● **TASK ITEM**: Transcribe exactly, and only, the lines that fall between the line containing "Профессиональная полировка кофемашин Марзоко" and the last line of the material, both ends included, omitting any pictures.

● **SUPPLIED MATERIAL**:
= = = = =

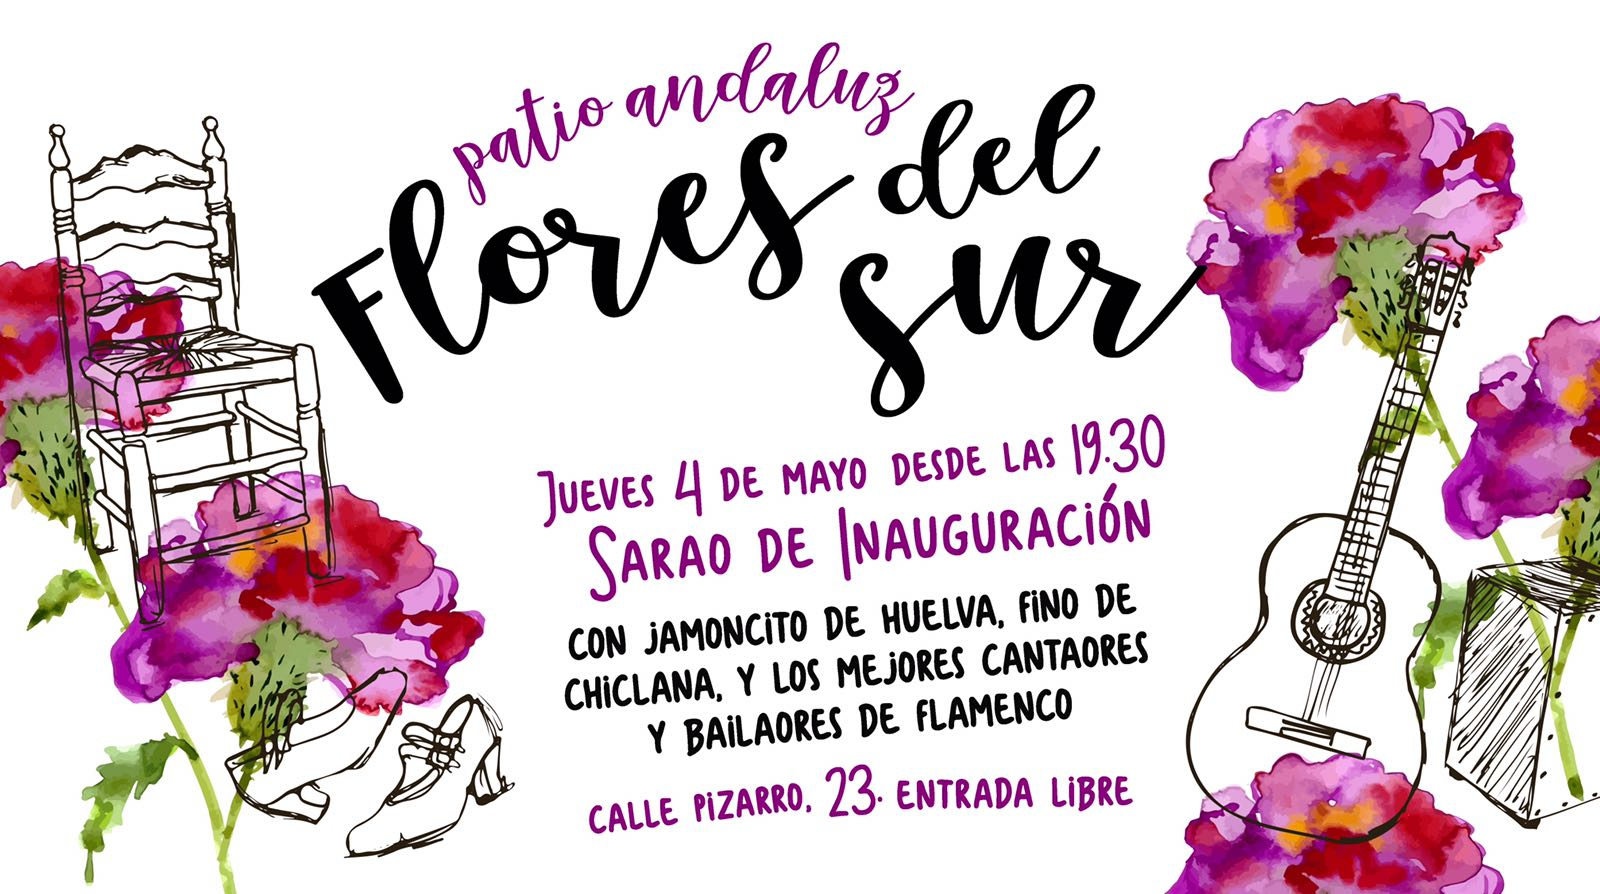 Valencia Flores del Sur, iniziativa gastronomica di ispirazione andalusa
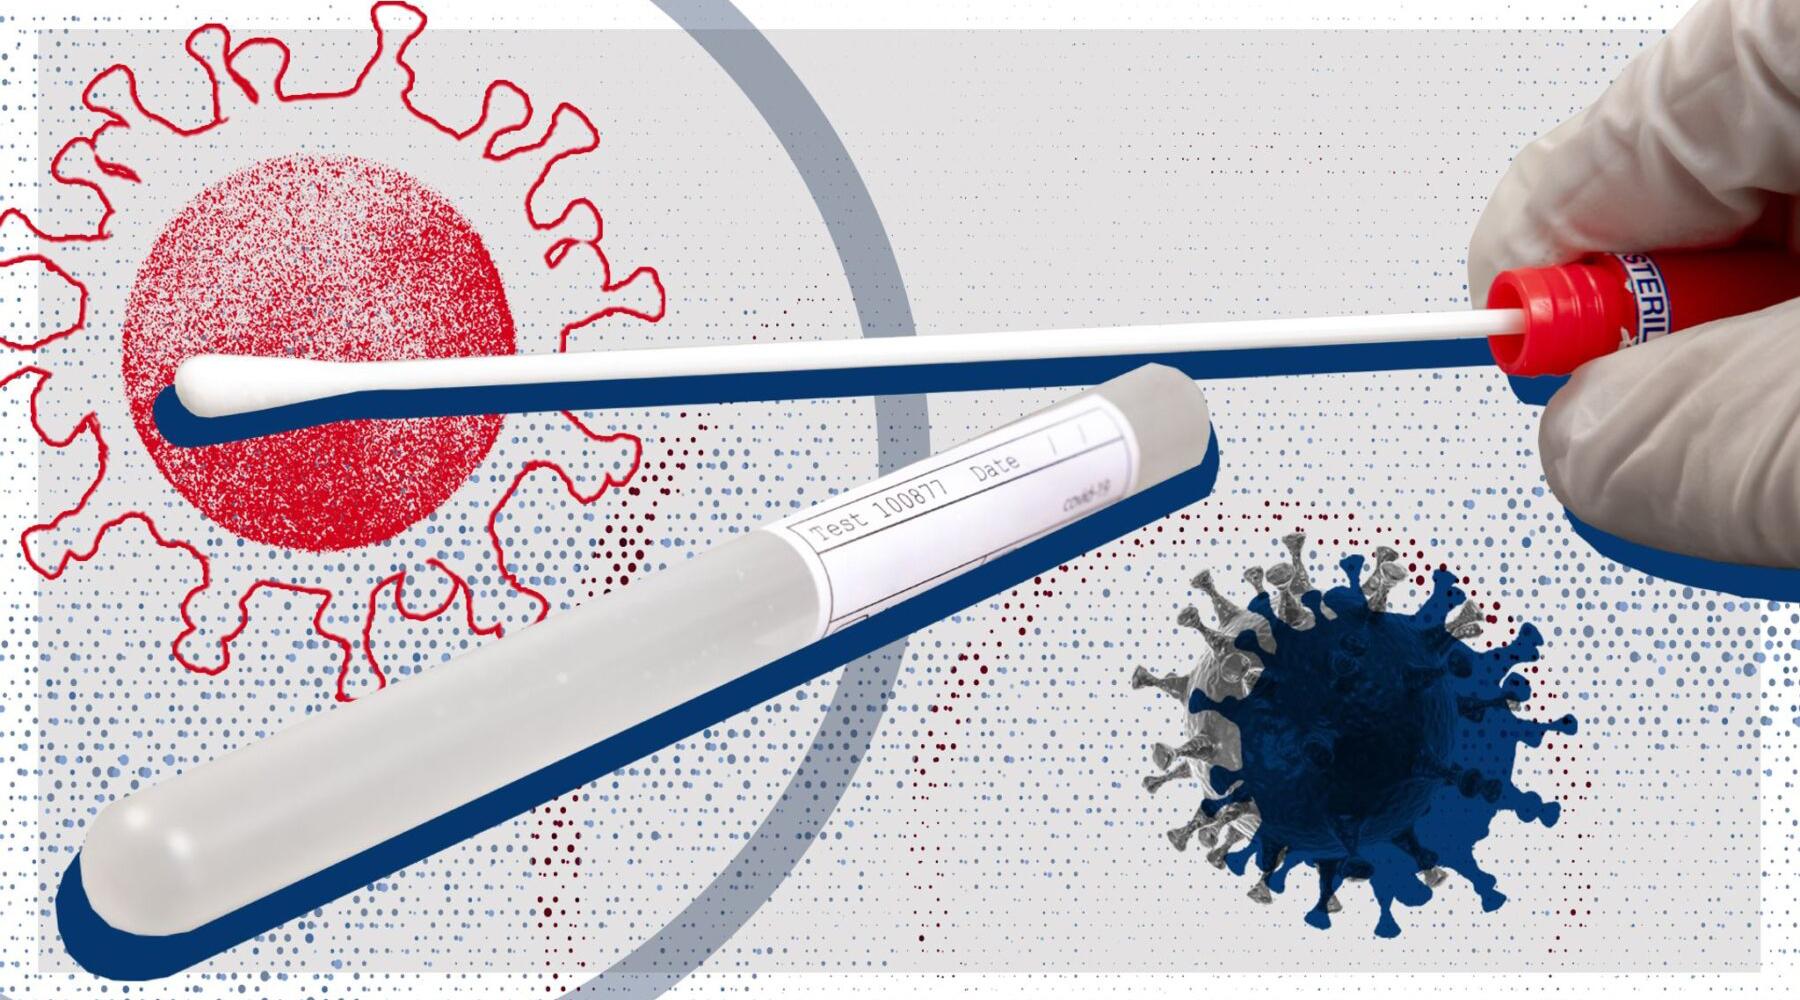 variante-inglese,-l'izs-puglia-e-basilicata-continua-l'attivita-di-sequenziamento-genomico-di-sars-cov2
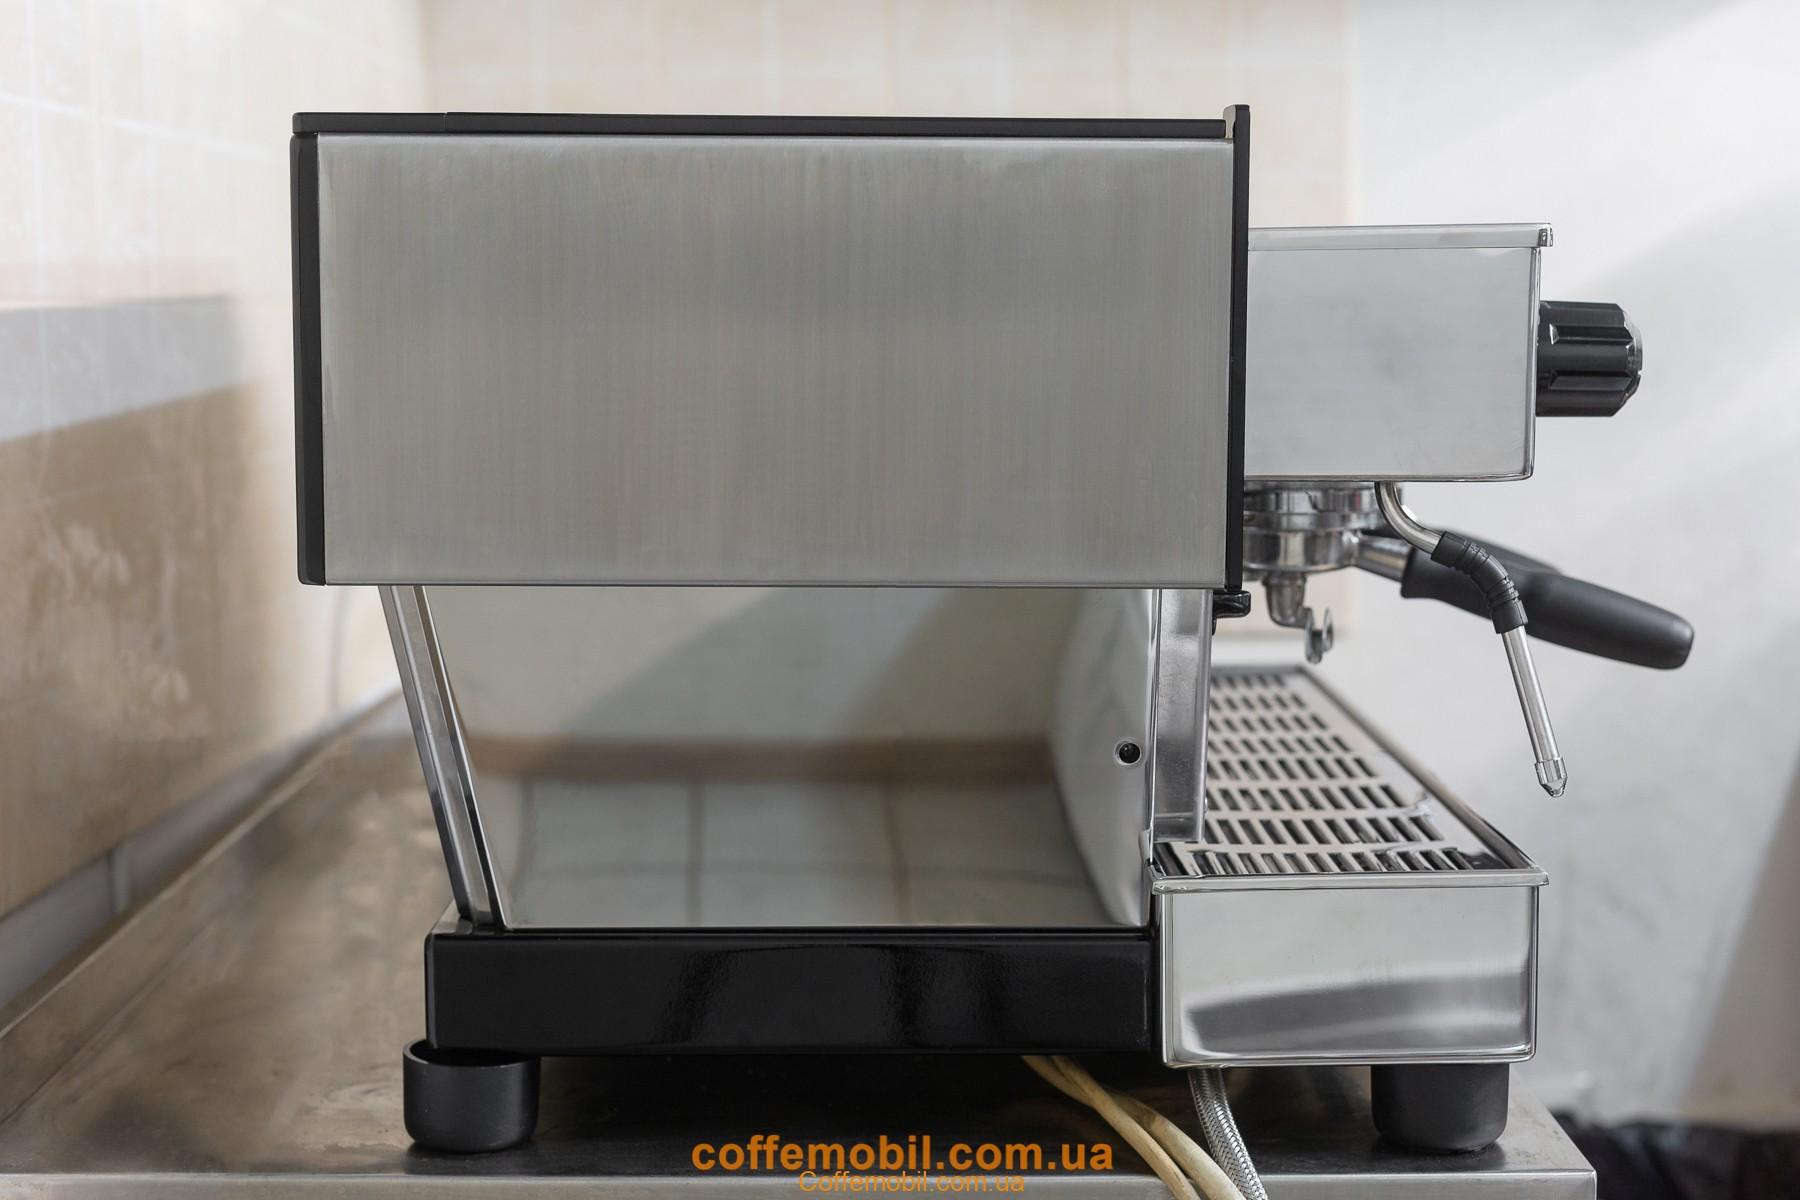 Профессиональная полировка кофемашин Марзоко
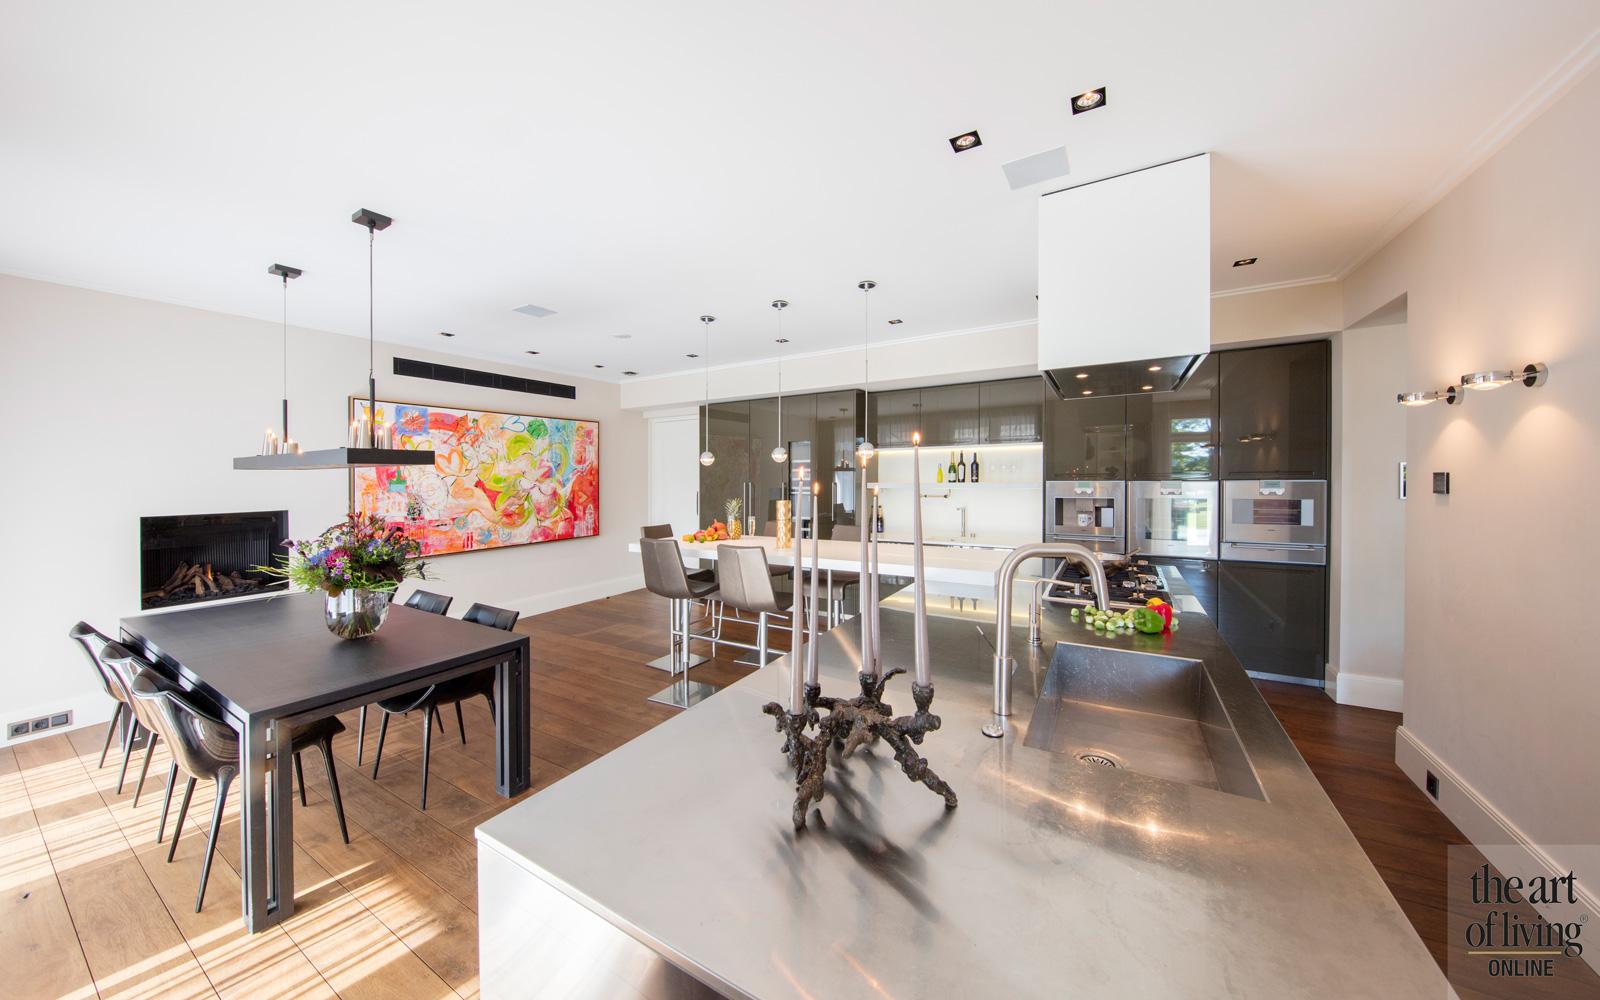 Keuken met haard van Boley, Versteegh Design

= = = = =

● **ANSWER TO THIS TASK**:
 Профессиональная полировка кофемашин Марзоко
 Keuken met haard van Boley, Versteegh Design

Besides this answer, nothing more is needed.